César Franck’s Violin Sonata in A major is so familiar it risks being a crocked warhorse, but in the deft young hands of Hyeyoon Park and Benjamin Grosvenor the work’s candid lyricism sounded newly minted. The artists’ approach in this, the latest in the Wigmore Hall’s sequence of lunchtime recitals to an empty hall (broadcast like the others on BBC Radio 3), was to freewheel through its demands and avoid any temptation to deaden it with heft. The pair played the composer’s ornate melodies with love rather than reverence, an approach in which even Park’s occasional blips seemed at home.

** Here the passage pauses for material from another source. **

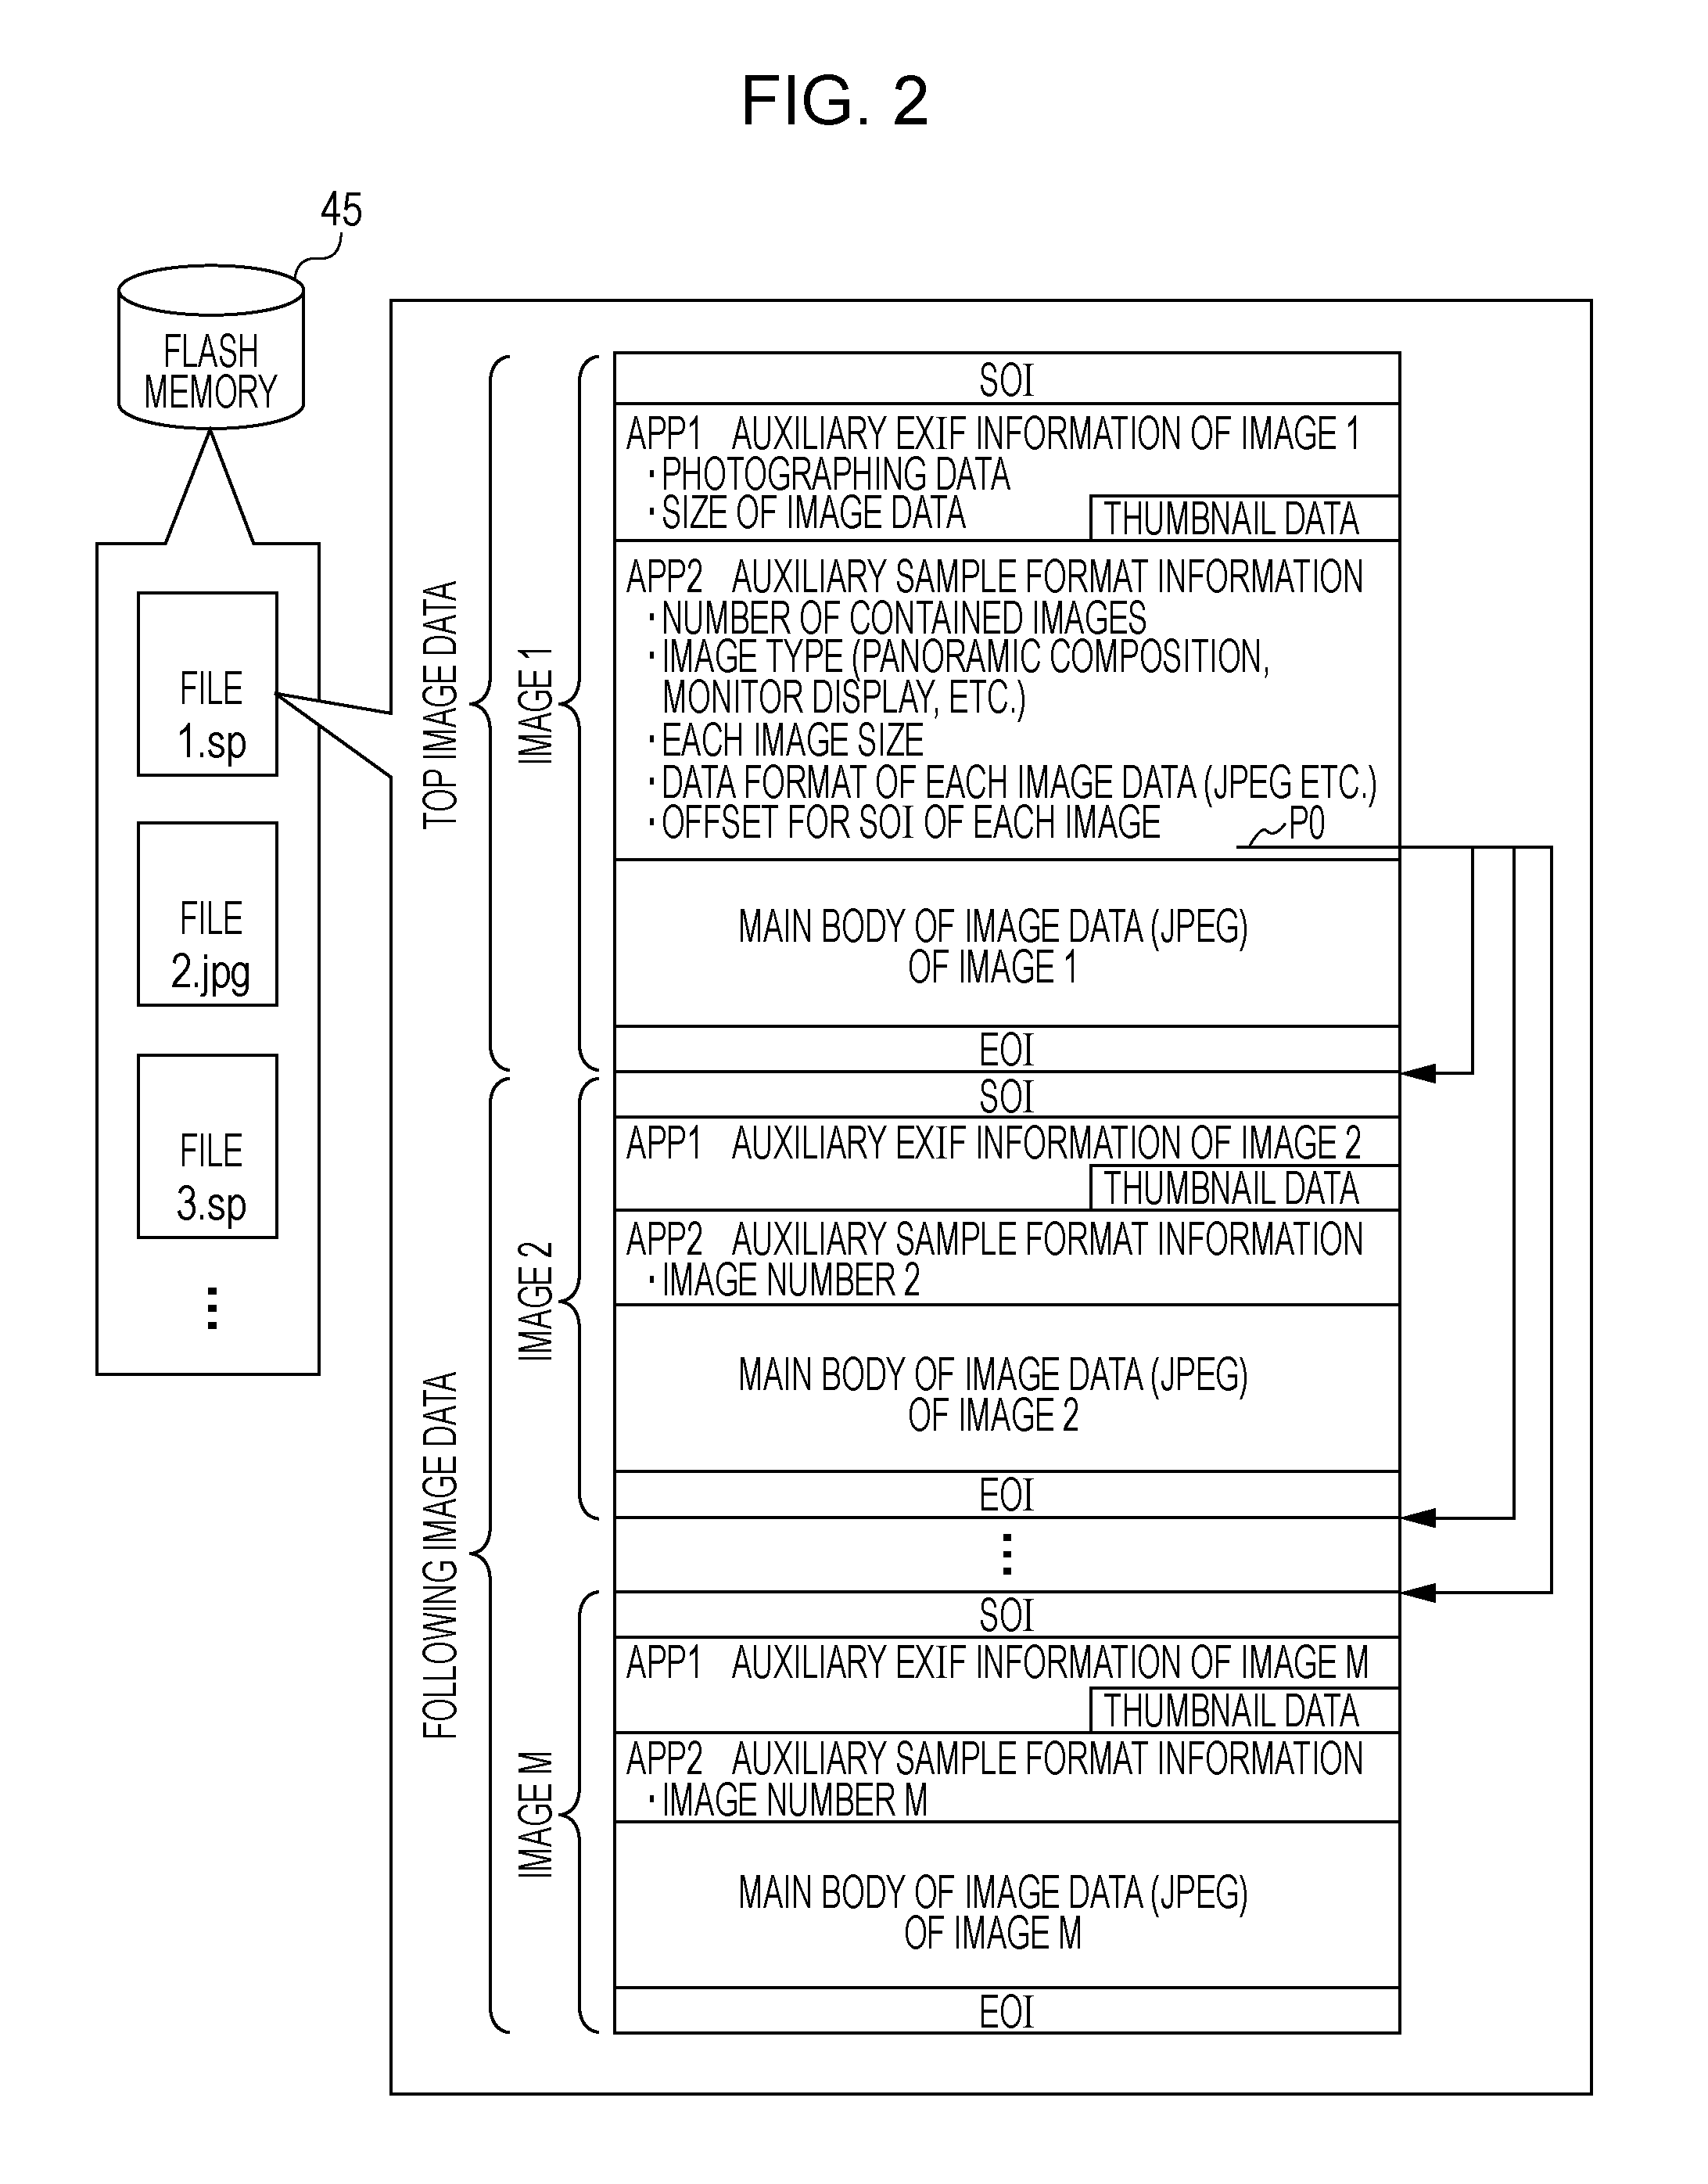 Print instruction apparatus and printing system

Hyeyoon Park and Benjamin Grosvenor © Wigmore Hall
Hyeyoon Park and Benjamin Grosvenor
© Wigmore Hall

The opening Allegretto ben moderato felt light and airy, with a hint of flexibility in the tempo, following which Franck’s second movement galloped into view with Grosvenor gulping down the melodic detail in a frenzy of excitement before buckling in for a fast ride that found both musicians on exhilarating form. Even the third movement, which in the wrong hands can sound like a doodle, benefited from Park and Grosvenor’s careful shaping of the music’s restless unthreading and made way naturally for their energised account of the bustling finale.

The recital had opened with a taut performance of Myths, Szymanowski’s triptych of loosely structured fantasies that wander through mysterious musical terrain, from dramatically spikiness and bitter chill into heady landscapes of perfumed music. Each movement (or Poem) has its heading, so a roadmap was at hand.

Hyeyoon Park and Benjamin Grosvenor © Wigmore Hall
Hyeyoon Park and Benjamin Grosvenor
© Wigmore Hall

Park revelled in the romanticism of La Fontaine d'Aréthuse as her instrument depicted the nymph Arethusa escaping the advances of the god Alpheius before being turned into a spring by Artemis. The spectral lengths of Szymanowski’s hypnotic figures were almost Bacchanalian at first, until watery descents and shimmering reflections over spare piano lines evoked the spirit of Ravel. In Narcisse, Grosvenor’s piano part rocked dreamily on its haunches while Park’s violin gazed in rapture at its own reflection. It’s a long movement but the music’s thread never broke. Thence to Dryades et Pan, in which the lascivious god chases wood nymphs (disguised, apparently, as a flight of bees). The finale’s descriptive introduction heralded a whirlwind of impressionistic sounds in which Park’s violin imitated Pan’s pipes via nifty harmonics, dryads scuttled away under Grosvenor’s fingers and, in a welter of trills and chromatic tunes, pure music triumphed on its own terms.

After two substantial courses, a delicate bouchée closed the hour. Schumann’s Abendlied (originally composed for two pianos but transcribed for violin and piano by Leopold Auer) was a tribute to the strength of Park and Grosvenor’s musical partnership; they shared its gentle romance with control, eloquence and a loving interlace of violin and piano that could hardly be bettered.

This concert was reviewed from the live stream.